3 Hostage Swap-ees Killed along with Dadullah
Implanted microphone/transmitter/homing devices pay off? Here's hoping the other two swap-ees are visiting Mullah Omar.
3 Taliban released for Italian journalist killed with top commander
KABUL, Afghanistan: Three Taliban who had been released from prison in exchange for a kidnapped Italian journalist were killed alongside the insurgency's top field commander over the weekend, the Afghan intelligence service said Wednesday.
Mullah Dadullah, a one-legged militant who orchestrated a rash of Taliban suicide attacks and beheadings, died of gunshot wounds in a U.S.-led operation over the weekend in the southern province of Helmand.
An official with Afghanistan's intelligence service identified the three others as Mullah Shah Mansoor Dadullah's brother Mullah Hamdullah and Commander Ghafar. They had been freed in March in a prisoner swap for the release of Italian journalist Daniele Mastrogiacomo.
The prisoner swap was widely criticized in Afghanistan in part because two Afghans kidnapped with Mastrogiacomo were not freed as part of that deal and were executed by the Taliban.
U.S.-led coalition forces, with assistance from NATO and Afghan forces, were able to track Dadullah to the village of Sarwan using "modern technology," said the official, reading an intelligence service statement. He spoke on condition of anonymity because of the agency's policy.
In Islamabad, Ronald Neumann, the former U.S. ambassador to Afghanistan, predicted the Taliban leadership would "regenerate" after Dadullah's death, but said the recent demise of several top figures in the insurgency could dissuade others from joining the fight.
Neumann, who stepped down as ambassador last month, mentioned the killing of Mullah Akhtar Mohammad Osmani in an airstrike in southern Afghanistan in December and the arrest of former Taliban defense minister, Mullah Obaidullah Akhund.
Neumann's was the first official confirmation of reports from Pakistani intelligence that Akhund was nabbed in the Pakistani city of Quetta in February.
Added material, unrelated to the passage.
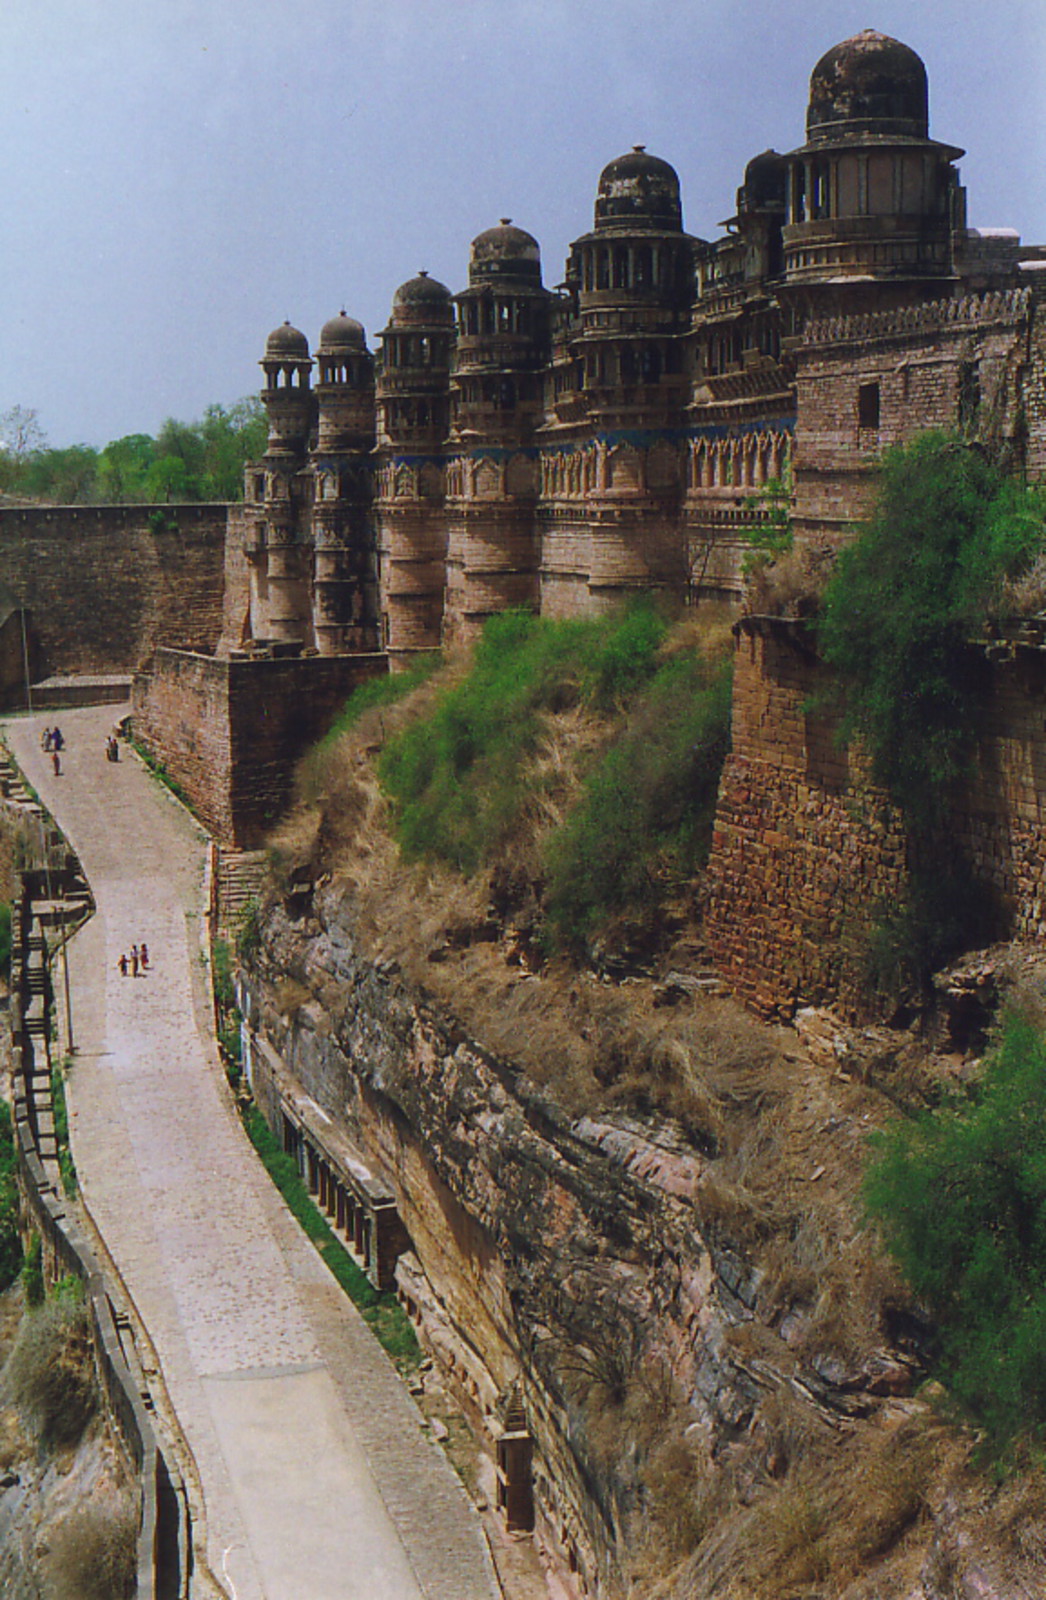 The Man Singh Palace on top of Gwalior's rock fortress

He gave no further details, including who was holding Akhund, the highest-ranking Taliban militant to be captured alive since the fall of the Islamist regime in 2001.
"For those Taliban leaders who have been out of the fight and are looking to get back into the fight, the fact that Osmani has been killed, Dadullah has been killed and Obaidullah has been arrested might say something to them about their life insurance policies," said Neumann, visiting Pakistan for talks on Afghanistan.
In Kabul, Lt. Col. Maria Carl, spokeswoman for NATO's International Security Assistance Force, said Dadullah's killing would not have been possible without the help of Afghan civilians and security forces, whose intelligence helped track him down, but gave no details on the nature of the intelligence.
NATO has said that Dadullah was killed after he moved into Afghanistan from his "sanctuary" a reference to Pakistan, where many Taliban are thought to hide. Another ISAF spokesman, Maj. John Thomas, declined to say if Pakistan provided any intelligence that helped in the operation.
Security officials in Pakistan have hinted that a bombing Tuesday that killed 25 people in a restaurant in the northwestern Pakistani city of Peshawar may have been revenge for Dadullah's killing. They said a relative of Dadullah was arrested in the restaurant a few days earlier.